Seven years since Albanian pogrom against Serbs in Kosovo-Metohija

18/3/2011

Thursday marks seven years since the major ethnic Albanian pogrom against Serbs in Kosovo-Metohija on March 17, 2004, when Kosovo Serbs, their property and holy sites of the Serbian Orthodox Church (SPC) were attacked and over 4,000 people were forced to leave their homes.

Thursday marks seven years since the major ethnic Albanian pogrom against Serbs in Kosovo-Metohija on March 17, 2004, when Kosovo Serbs, their property and holy sites of the Serbian Orthodox Church (SPC) were attacked and over 4,000 people were forced to leave their homes.

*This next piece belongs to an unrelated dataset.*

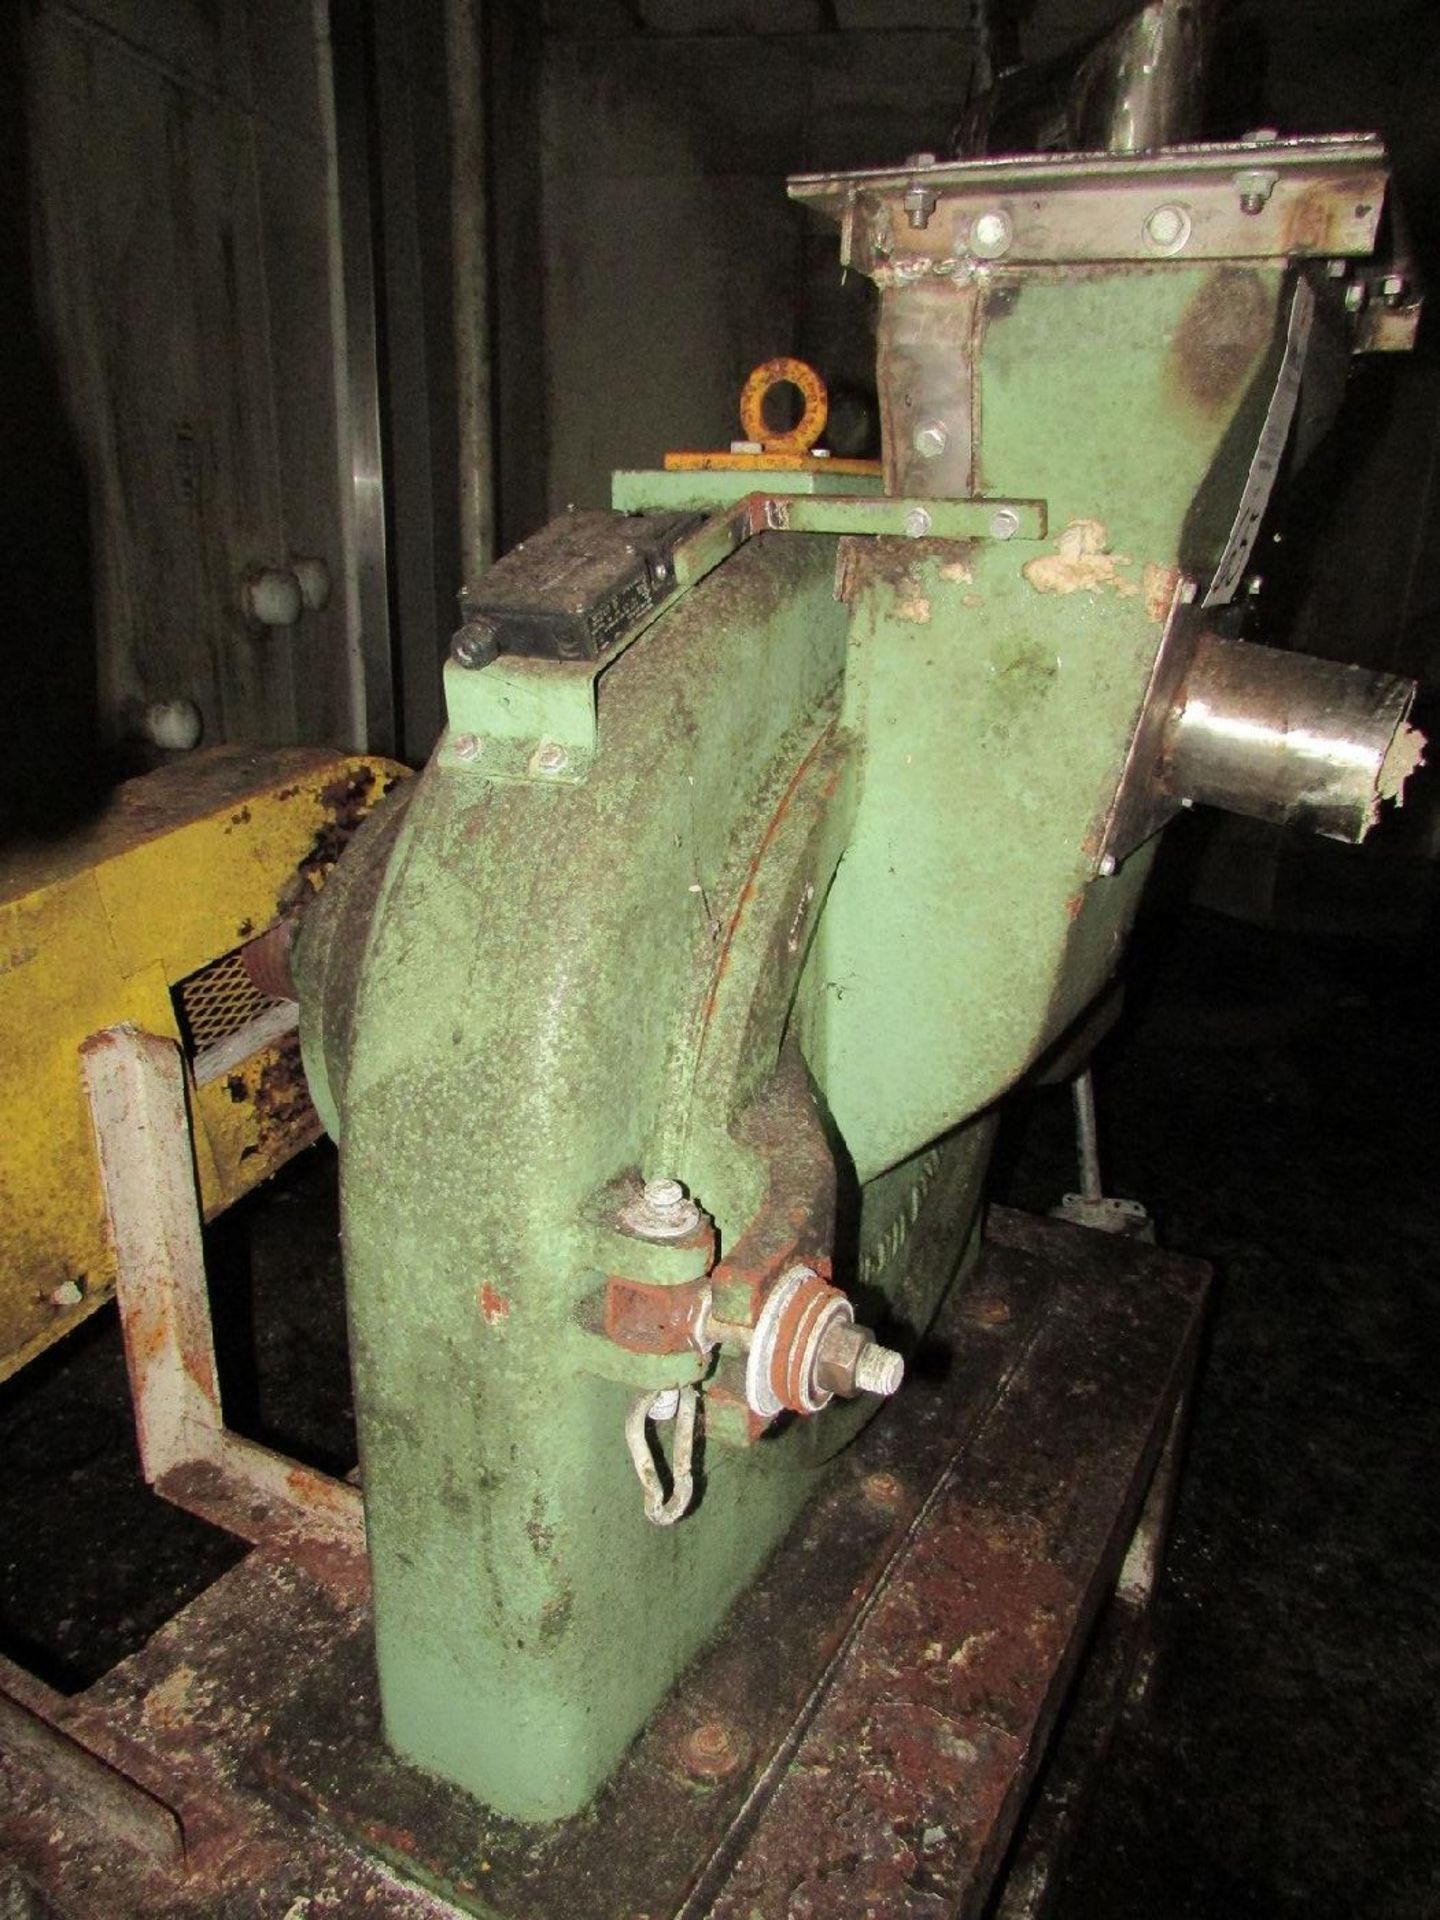 Italo Danioni-Milano Model 524 Pin Mill (Processing) - Image 6 of 6

This was the second large-scale pogrom the ethnic Albanians committed after the NATO air raids, when the province came under the UN administration in June, 1999. More than a quarter million Serbs, Roma people and other non-Albanians were expelled before the very eyes of international forces.

During the March 17, 2004 violence, which is known as ‘the Crystal Night in Kosovo,’ 19 persons were killed – eight Serbs and 11 Albanians, whereas two more Serbs are still registered as missing.

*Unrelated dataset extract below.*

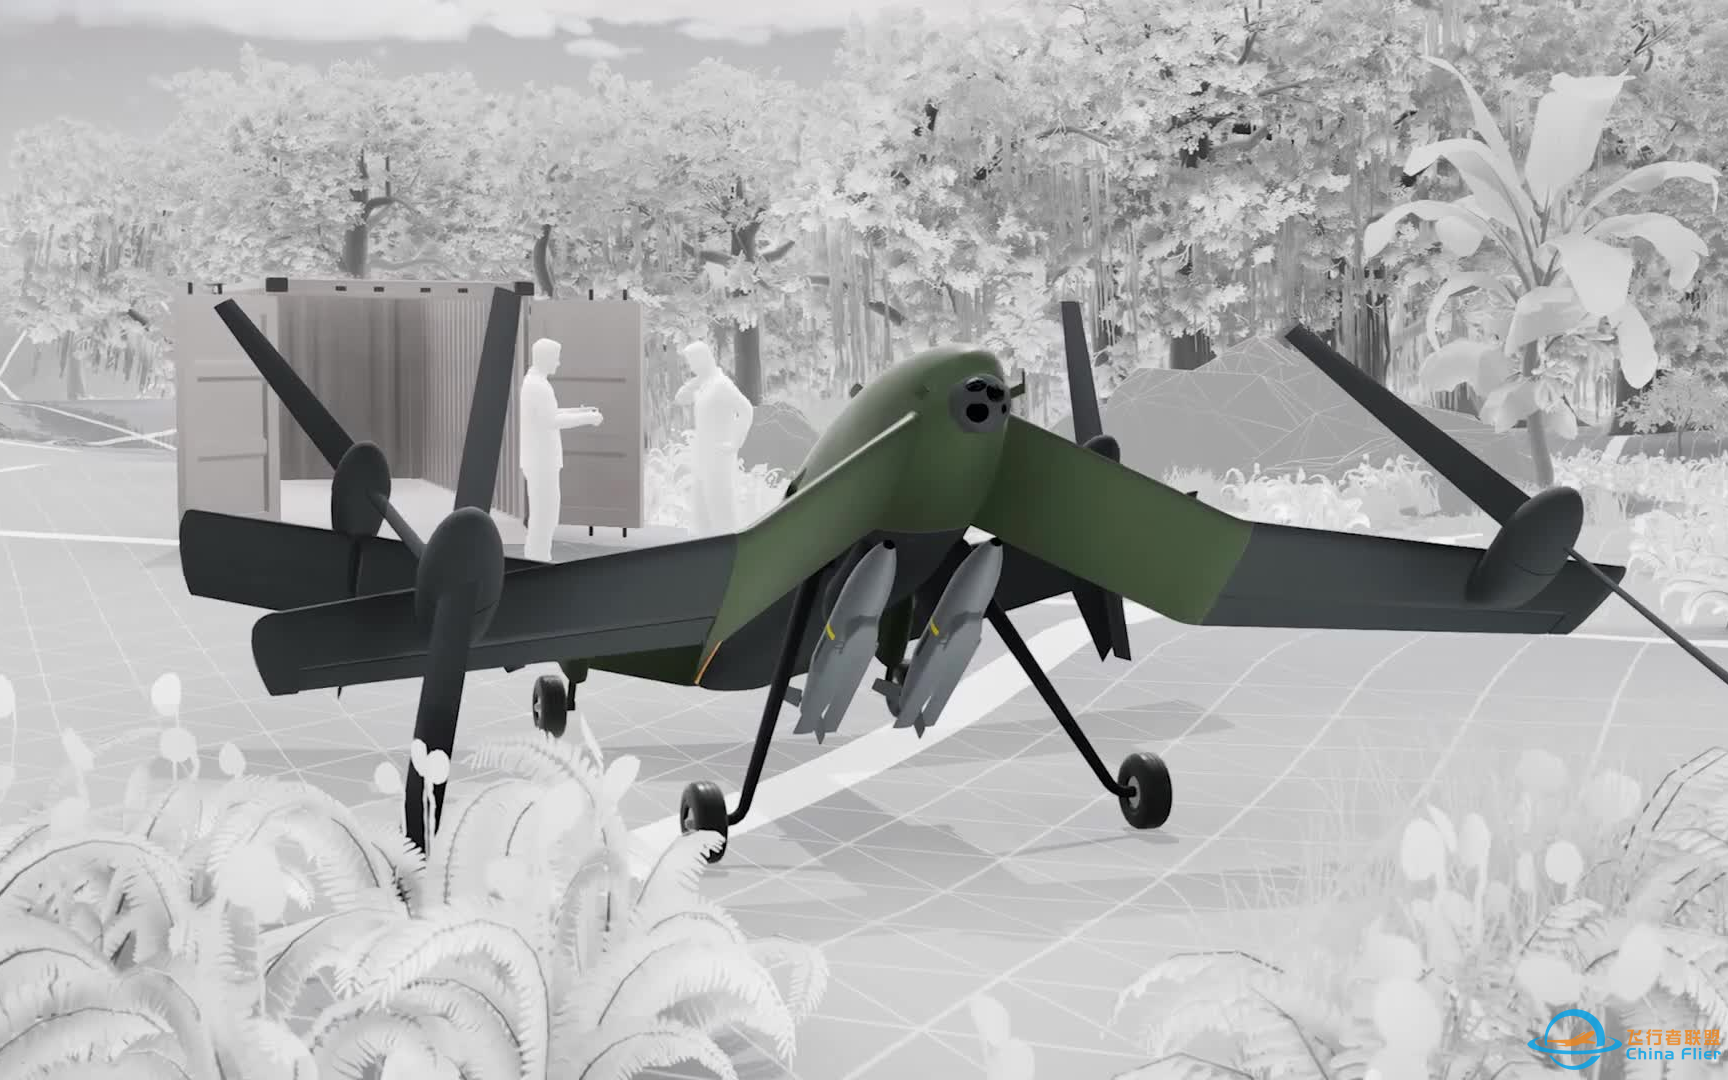 BAE 推出混合动力 eVTOL 无人机打击系统 STRIX，采用类尾座式布局，可搭载 160 公斤的有效载荷飞行 800 公里。-1.png

In only two days, 954 persons were injured, including 143 Serbs and dozens of members of international forces who clashed with Albanians trying to protect Serbs and their property. Moreover, 72 UN vehicles were destroyed.

The number of expelled Serbs reached 4,012, six towns and nine villages were ethnically cleansed, and 935 Serb houses and 10 public facilities – schools, healthcare centers and post offices, were severely damaged.

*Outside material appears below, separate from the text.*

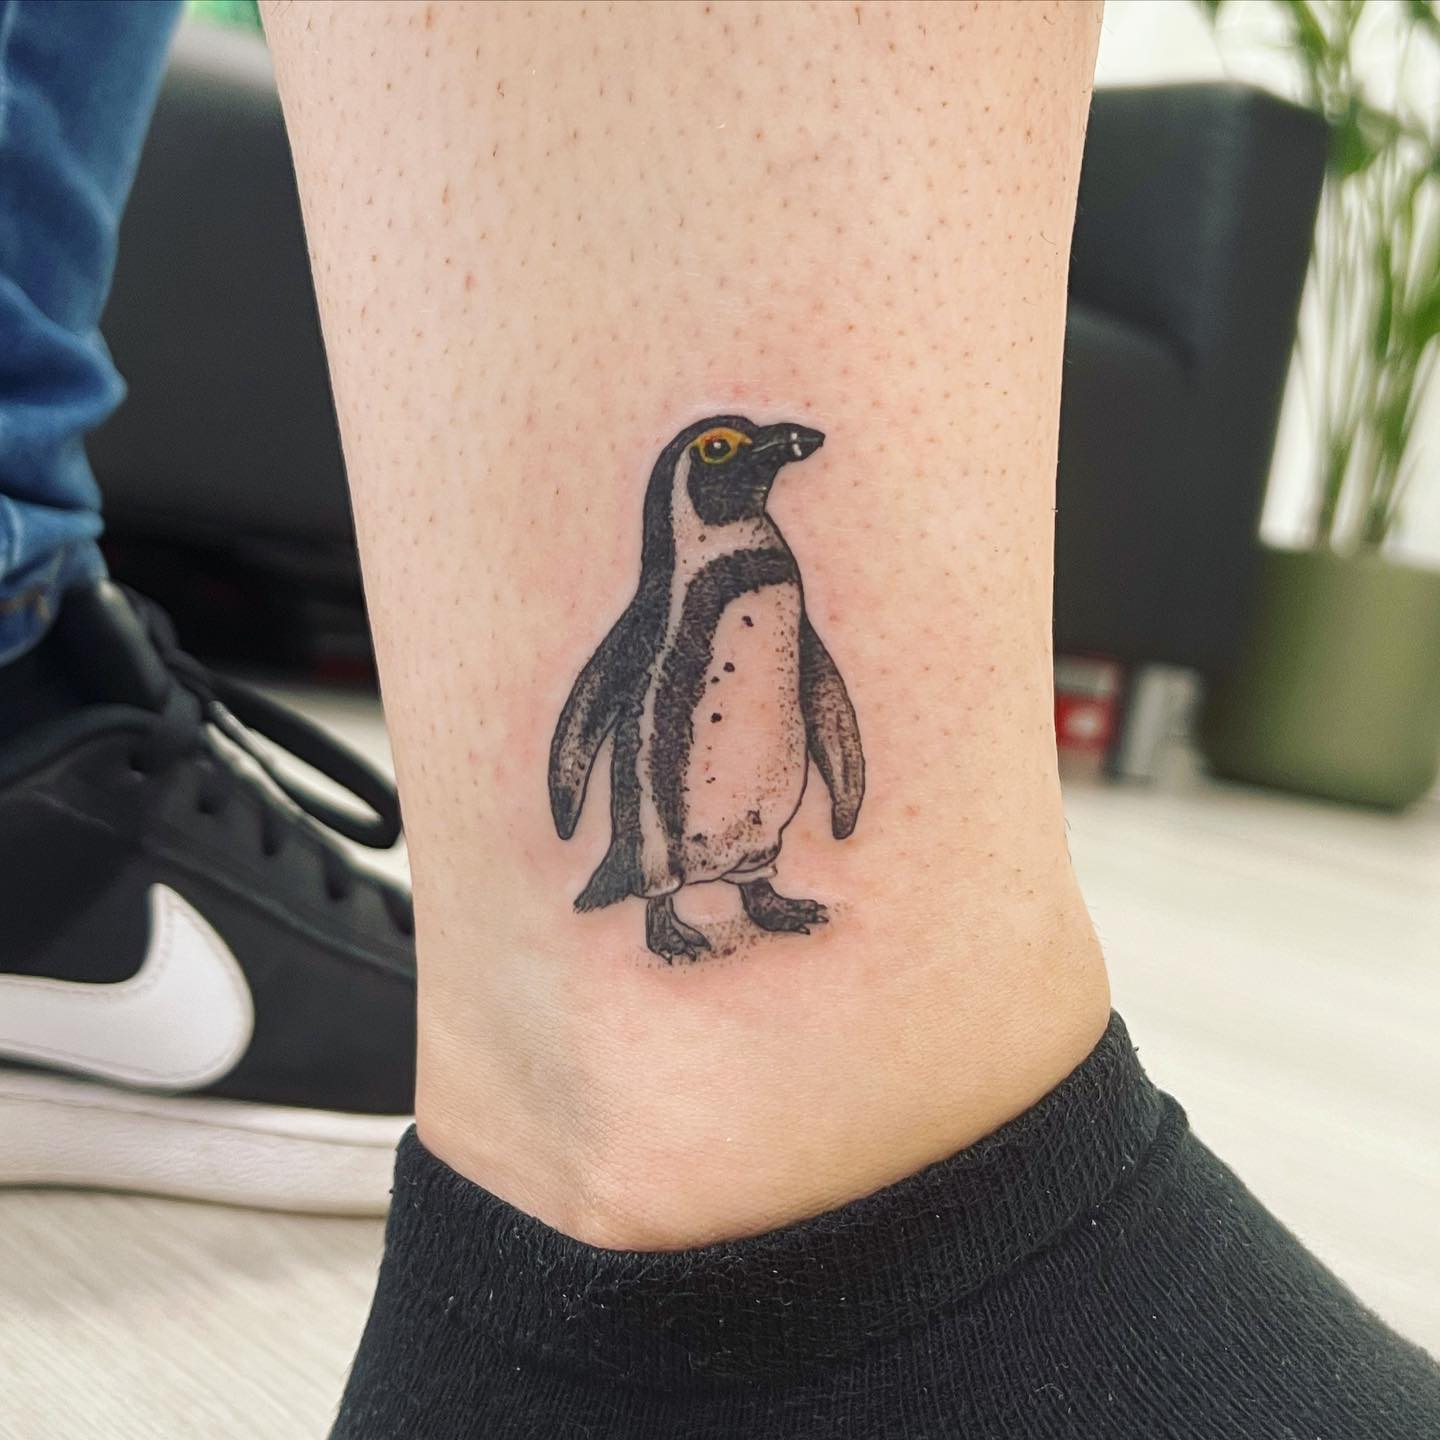 Tatuaje de pingüino en el tobillo

The special target of ethnic Albanian violence was the cultural and architectural heritage of the Serb people, and as a result 35 churches, including 18 monuments of culture, were razed, burnt or severely damaged.

The motive for the pogrom was found in the campaign of the Albanian media claiming that six ethnic Albanian boys from the village of Cabar near Zubin Potok had drown into the Ibar River trying to escape from local Serbs who chased them with dogs.

The investigation of the UNMIK police determined that the Albanian accusations were false and spokesperson of the international police Neridz Sing stated that the Albanian boys who survived the tragedy were under great pressure exerted by Albanian journalists and politicians to accuse Serbs from the nearby village of the incident.

According to the data of the Serbian intelligence sources, the threads of the March pogrom were pulled by Ramus Haradinaj, one of the commanders of the terrorist Kosovo Liberation Army (KLA), while the key role was assigned to Islamic terrorist Samedin Dzezairi, also known as Commander Hodza.

After the pogrom against the Serbs, 270 ethnic Albanians were arrested, 143 persons were convicted, the majority of whom to fines and 67 to imprisonment, but the main political figures and former Kosovo Liberation Army (KLA) members remained free.

The terror of Albanian extremists was formally condemned by the UN Security Council and the European officials, and the Council of Europe Parliamentary Assembly condemned it by passing a special resolution. Regardless of the ethnic cleansing, Kosovo unilaterally declared its independence in February 2008, with the support of the leading western countries.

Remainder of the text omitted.